For example, let consider the three distinct selectively structured records we may obtain from EMBL and GenBank databanks in querying the same gene HFE (see Figure 7). The first record identified by the accession number AF204869 describes a partial sequence (size = 3043) of the HFE gene with no annotation but one relevant information item about the position of the promoter region. The second record identified by the accession number AF184234 describes a partial sequence (size = 772) of the protein precursor of HFE gene with a detailed but incomplete annotation. The third record identified by the accession number Z92910 describes the complete sequence (size = 12146) of the HFE gene with a complete annotation.

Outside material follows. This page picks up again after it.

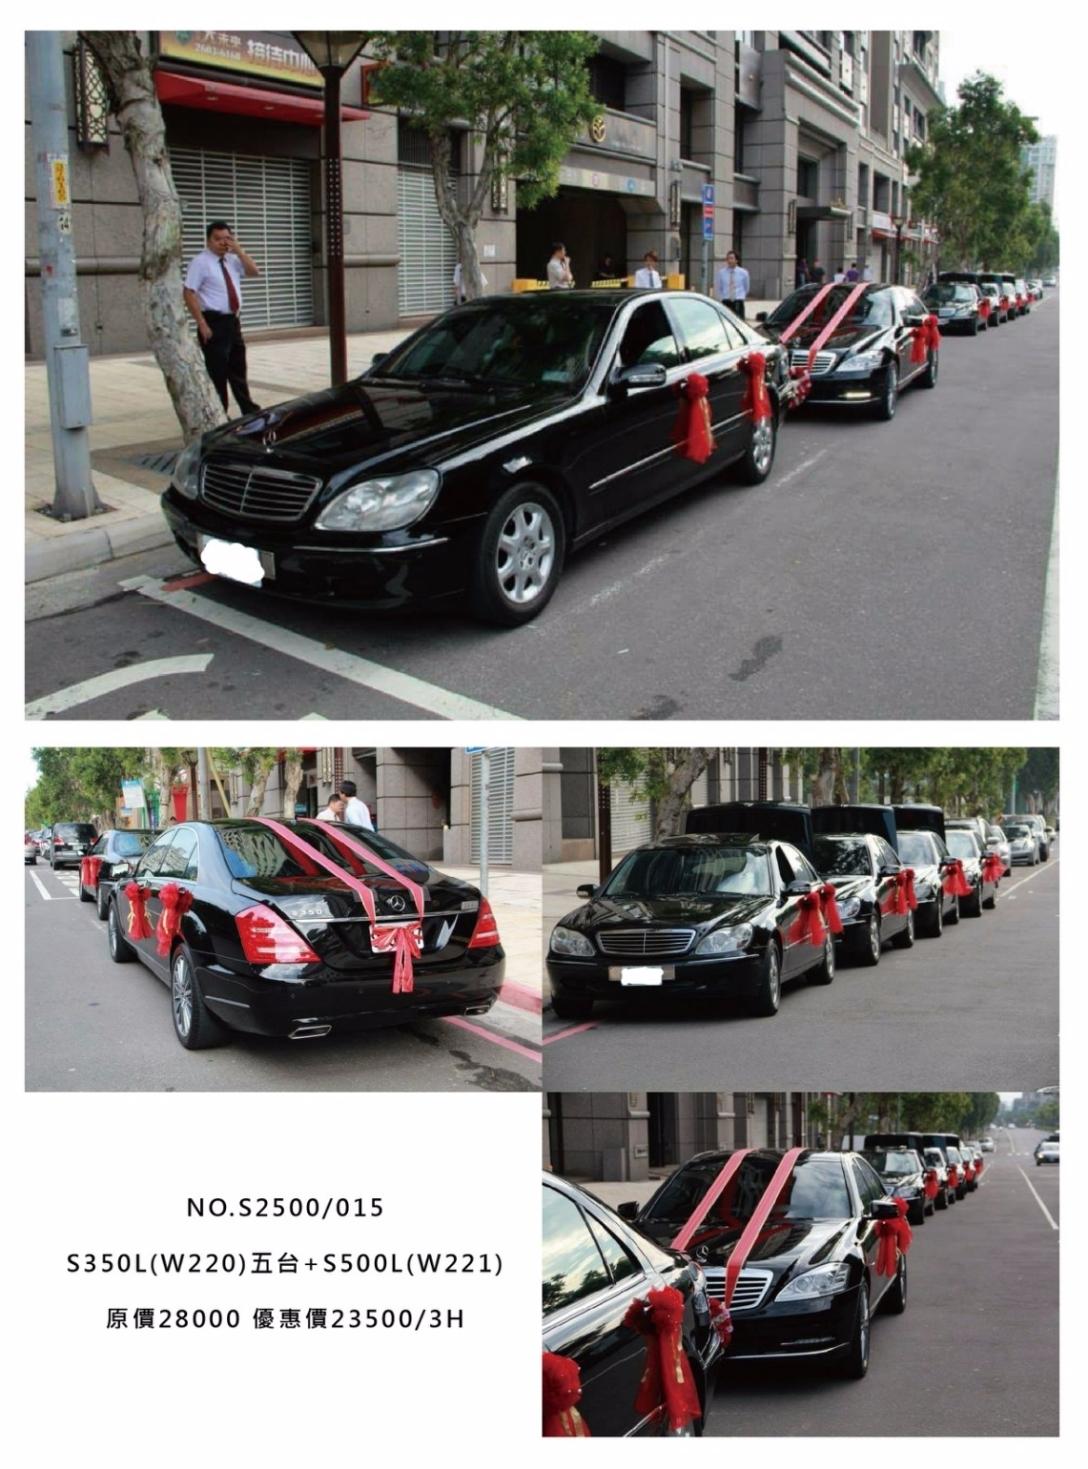 結婚禮車推薦---順賓禮車

Semantic and cognitive mapping rules are now used for data conciliation at the instance level: several rules may use available tools for determining analogies between homologous data (such as sequence alignment, for example): the result of the BLAST algorithm (implemented in a set of similarity search programs for Basic Local Alignment Search Tool) allows to consider that two sequences match. The scores assigned in a BLAST search have a well-defined statistical interpretation, making real matches easier to distinguish from random background hits. BLAST is therefore able to detect relationships among sequences which share only isolated regions of similarity.

In our example, BLAST(sequence(Z92910), sequence(AF184234))=100% indicates the sequence in both record are perfectly homologous and can be merged.

Other mapping rules are used in this example for conciliating data such as : Descriptive Inclusion: record(Z92910) contains record(AF184234) Position Offset: position(Z92910.exon)=6364+position(AF184234.exon)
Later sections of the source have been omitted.